Monday, June 20, 2011

Should I ditch my friend?

So I recently took a trip with a good friend. We me up with some of her friends that I have never met. We were all having a good time when things turned for the worse. An argument broke out between some friends of hers and I ended up in the middle because of something I had said that was taken the wrong way. My good friend ended up getting mad at me and yelling at me during this time. I do take into consideration that everyone (except me) was a bit under the influence but feel like things got a bit out of control and I ended up walking away from the situation. The next day I discussed with my good friend what had happened and she was unable to recall anything. The other parties involved also couldn’t recall what had happened. I was the only one that knew what had gone on. 

I am weary of staying friends with my “good” friend. I don’t know if I am making a big deal out of what happened on the trip. Should let the incident go or let my friend go?

THERE'RE A FEW THINGS that seemed to have gone awry. First, your friend yelled at you. In my book, that's not acceptable. I don't think people should ever lose their cool unless it's a life-or-death situation. Getting upset is one thing, but theatrics and lashing out create an unpredictable, unsafe environment that's neither conducive to friendship nor any other kind of healthy relationship. Even if she's upset, she needs to be claim responsibility for her actions and words and pay attention to how they affect others and cut that shit out. That's part 1.

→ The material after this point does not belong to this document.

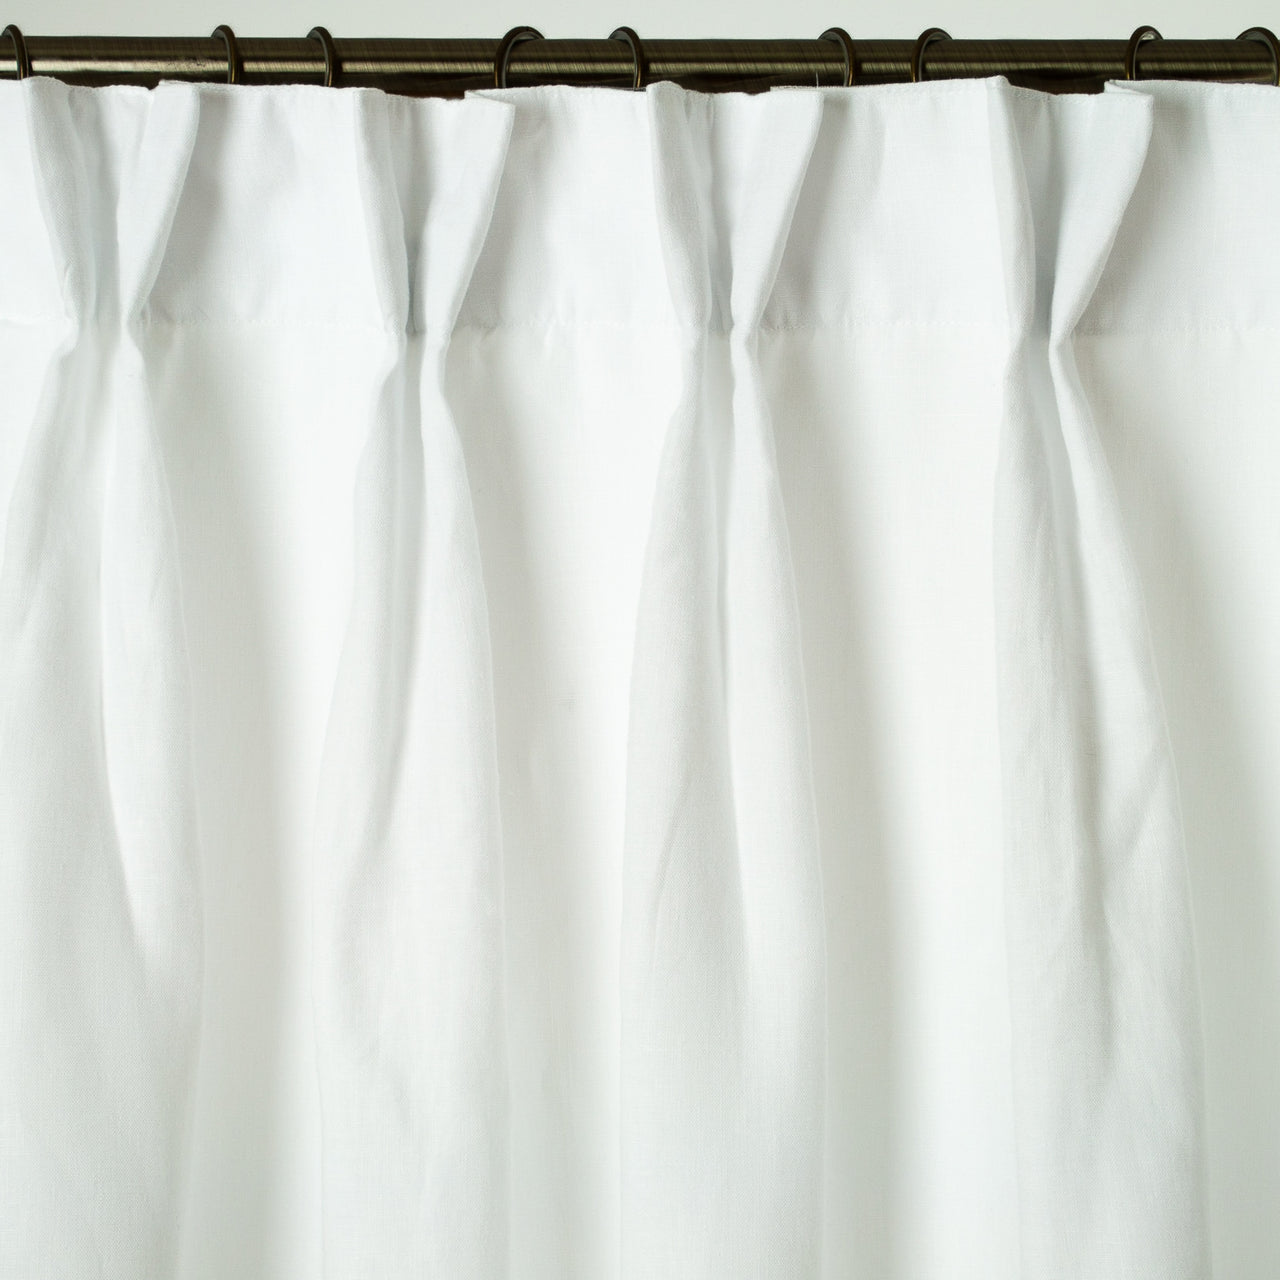 Dutch Pleat Linen Curtain Panel - Heading for Rings and Hooks

Part 2 is that she claims she can't remember anything. At best, she has a bad memory or was really drunk. At worst, this is just another tool for her to absolve herself from responsibility. Not only does she let herself lash out, but by claiming she can't remember anything, she can do it over and over with impunity. Regardless of why she can't remember, her inability puts you in a position where you can't talk about what happened and  mend the relationship. So not only are you left disoriented, you've been deprived of your opportunity to find your way back. Double-shitty.

Some people would just walk away. It's certainly an option and I wouldn't fault you for it; although conflict might be a regular part of life, I don't think anger and hostility need to be, certainly not by choice. What's a friendship really worth if you can't relax and trust the person? On the other hand, if this is an isolated incident and you have a lot of history together, maybe you can work something out by talking. If you're contemplating walking away, you don't have much to lose. 

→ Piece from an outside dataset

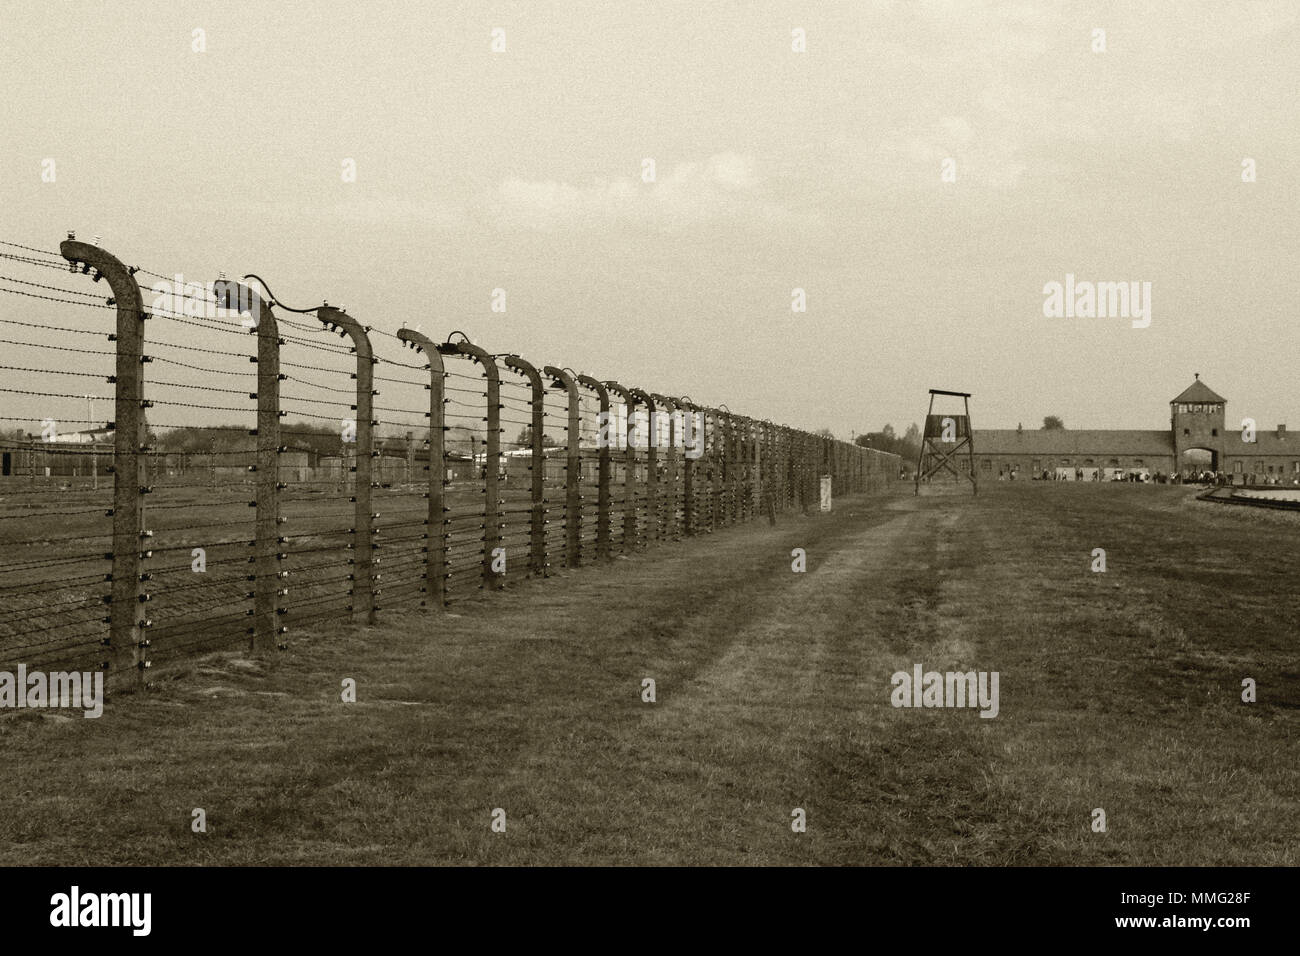 AUSCHWITZ, POLAND, OCTOBER 12, 2013: Fence and watchtower at concentration camp at Auschwitz Birkenau KZ, black white and beige duplex processing photography with image noise effect, Poland Stock Photo

In the end, it comes down to this: there are some things you can change and some things you can't. Some people are set in their ways and don't care to change (or worse, can't). Their habits, addictions, fears, drives, personality, and body pull them in a certain direction. The stronger the pull, the harder it is to effect any kind of change. 

You know yourself, you know you think you're capable of working it out, or will you end up revisiting this issue over and over? Is it worth the trouble? Will you feel "right" in the relationship, or will you always feel like something is off or missing? There's no right or wrong decision. You just have to try and do what's best for you in the long-run.

Update: Asker is dropping her friend in order to cut drama out of her life. Kudos!